The other key part about this study is that again it shows that according the planet's natural cycles, we should be in a cooling phase right now, not a rapid warming phase.  So once again that invalidates the argument that the current warming is just a natural cycle.

 

Very interesting.  I'll have to read up on this theory some more later.

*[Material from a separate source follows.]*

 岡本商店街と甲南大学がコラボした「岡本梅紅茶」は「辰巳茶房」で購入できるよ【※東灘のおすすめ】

Edited by dana1981 - Thu, 18 Dec 2008 20:29:20 UTC
post #3 of 8

It's an interesting theory, though I think it would be taken more seriously if it also had some estimate of CO2/CH4 concentrations at the time.

 

...but then again even if there was an increase in CO2, couldn't it just be the result of warming brought on by the milankovich cycle that brought on the holocene optimum in 7000 BC?

 

It just doesn't seem like a world population of 20,000 could cut down enough trees to stave off an ice age, especially considering that European deforestation was "miniscule" until about 1000 BC. (From this book)

 

post #4 of 8
Thread Starter 

i would have thought a bit more than miniscule, but maybe i'm being euro-centric. thinking of eire in particular, there is a folk tale that tells of 'all the men of ireland poured all the wood of the land into the bog' to make a bridal path (which is still there, a huge wooden trackway across the centre of the island) i'll look for the reference. and there are no trees harldy there now, thats for sure, and havnt been for centuries, thats why they burn peat.

but there's australia, there is some evidence that the early aborigenes burned it into a different state over the first few thousand years they were there, from mainly wooded and thick scrub to a mosaic of open grass and scrub with woodland.

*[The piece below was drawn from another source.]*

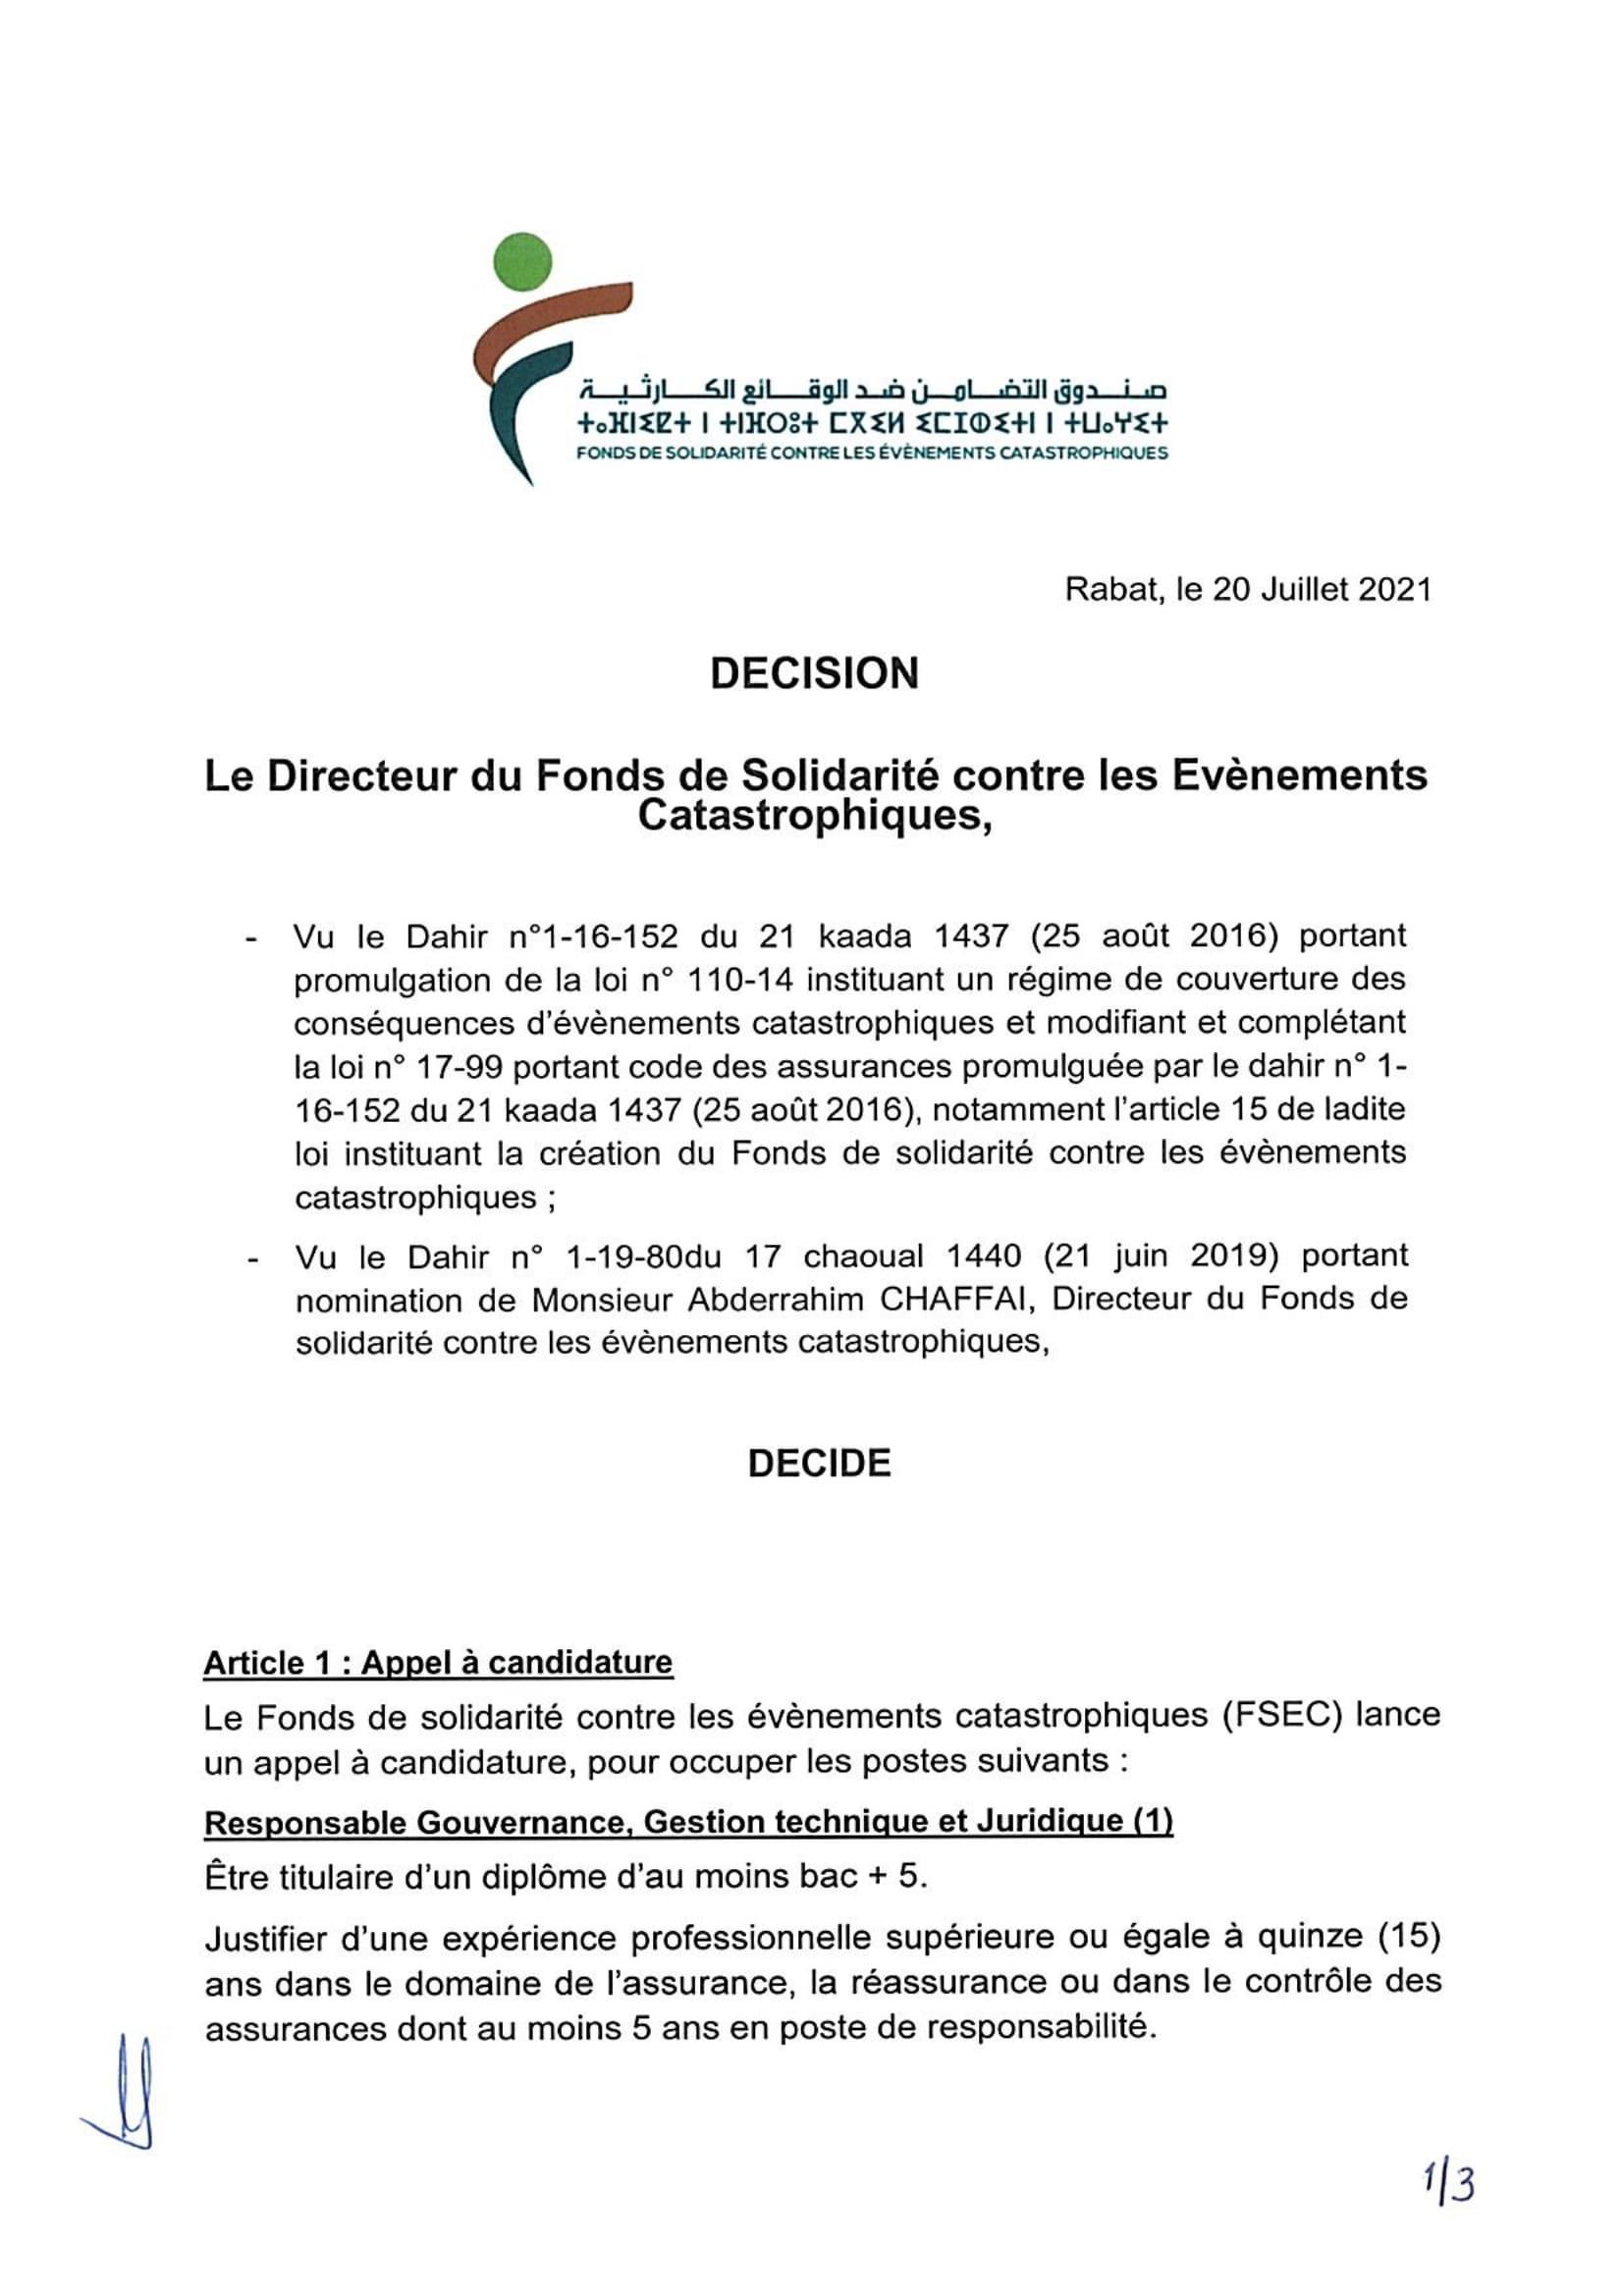 FSEC Decision Rectuement20212 1 Concours Fonds de Solidarité contre les Evénements Catastrophiques 2021 (5 Postes)

and china, the rice paddies, and the rise of herding instead of hunter/gathering all across the asian and russian steppes.


Edited by gerda - Fri, 19 Dec 2008 00:21:41 GMT
post #5 of 8

Here's another article on pre-historic anthropogenic climate modification:

 

http://www.theatlantic.com/doc/200203/mann

 

 


Edited by gcnp58 - Fri, 19 Dec 2008 19:31:14 GMT
post #6 of 8
Thread Starter 

fascinating gc. the idea of waves of disease spreading out from the settlers, devastating the population right across the land, awful.

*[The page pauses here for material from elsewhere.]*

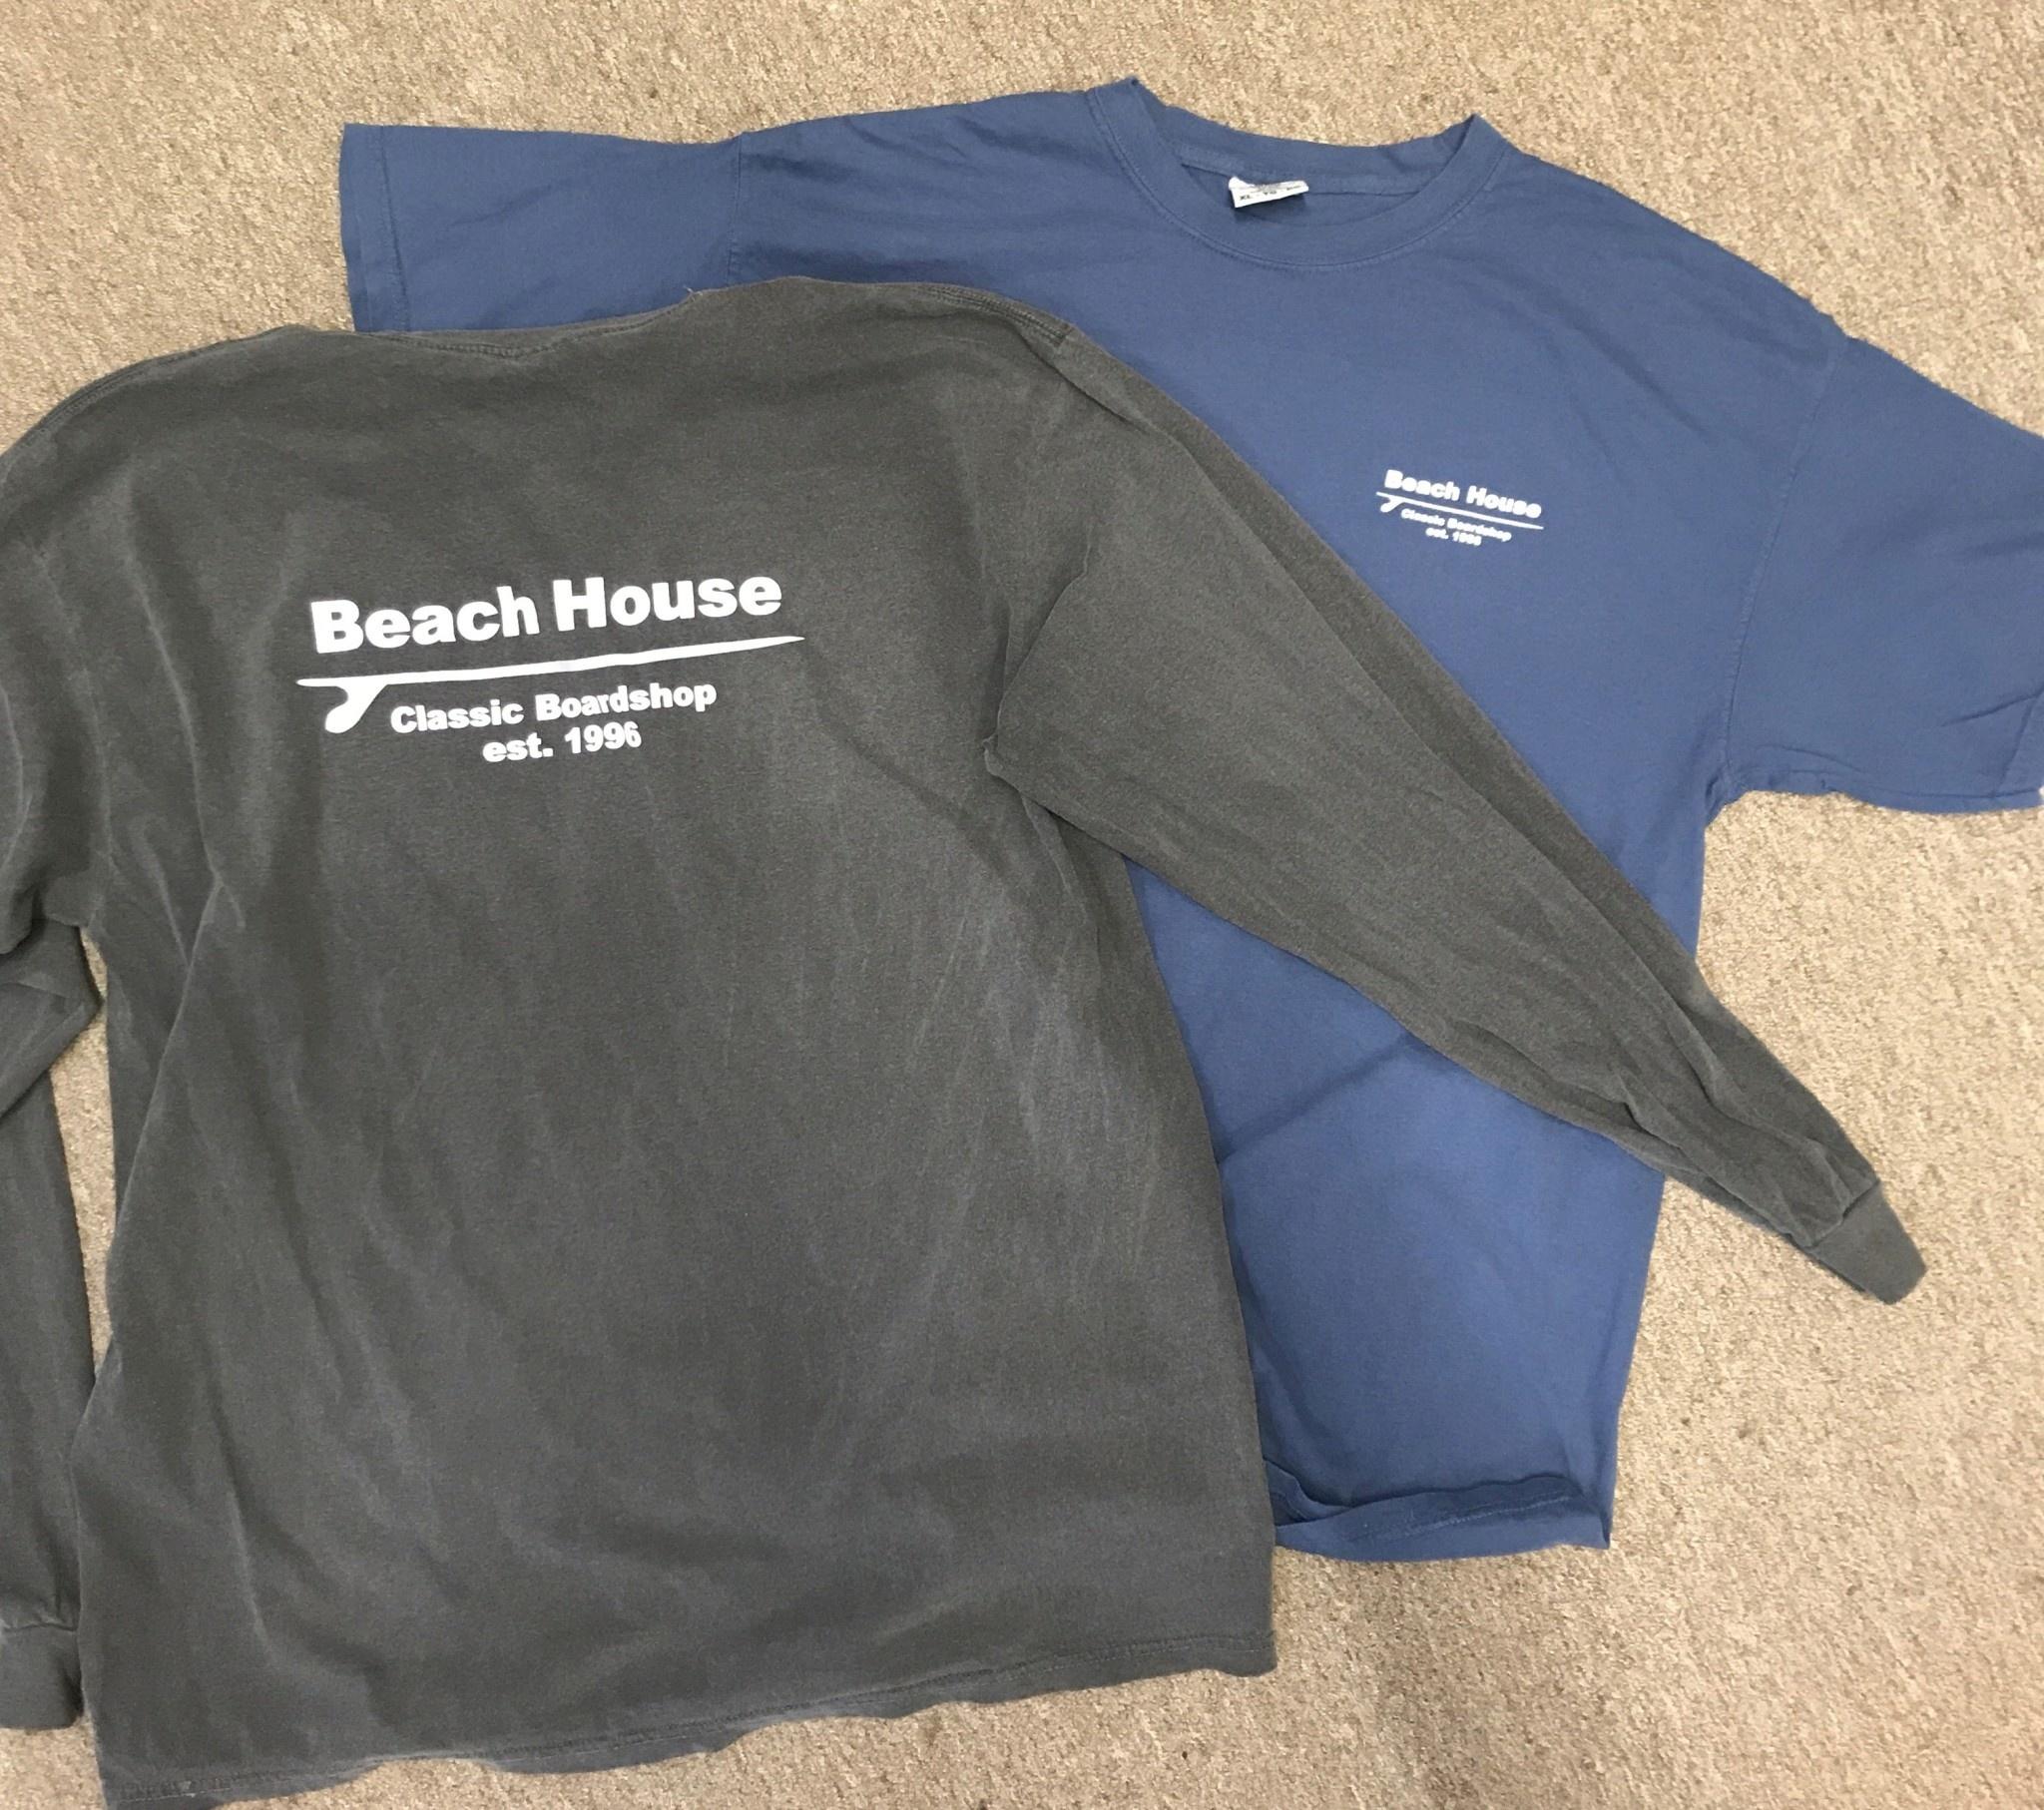 Beach House Beach House LONGBOARD 96 Short Sleeve Tee

the built up islands and quays in the amazon very interesting too, there was a section on the florida keys in my old 'bog people' book (not online unfortunately), they built the land up too, and had long quays and harbours made of big shells and wood.

 

i read this recently that ties in to the plagues idea;

New World Post-pandemic Reforestation Helped Start Little Ice Age, Say Scientists

ScienceDaily (Dec. 19, 2008)

 

 

oh, and you can make a live link by using the little world with chain link icon above the reply box.

 

i found the original article that re-aroused my interest in this subject of early a.c.c.;

The ice age that never was

New Scientist 03 September 2008 by Hazel Muir

 


Edited by gerda - Fri, 19 Dec 2008 17:37:27 GMT
post #7 of 8

It's probably not coincidental that the rise in methane also occured about the same time cattle were domesticated

 

Small changes in forcing can produce large changes in climate, that's a fact.  What I find amusing is that skeptics will constantly claim small changes in solar output are critical in climate yet deny the huge forcing from anthropogenic CO2 will have any effect. 

 

I filed the Atlantic article and the one you cite under "plausible theory but would get you taken apart intellectually by a climate scientist if you claimed were absolutely true." 

 

:-)

 

post #8 of 8
Thread Starter 
Quote:
Originally Posted by gcnp58:

I filed the Atlantic article and the one you cite under "plausible theory but would get you taken apart intellectually by a climate scientist if you claimed were absolutely true." 

 

:-) 

 

i file stuff like that in 'anthropology' which is 80% guesswork anyway. in between carbon dating and folk tales. its a sliding scale of confidence, but doesnt mean there is not some value in the lower end, any more than in the physicists though-experiments. theoretical earth science?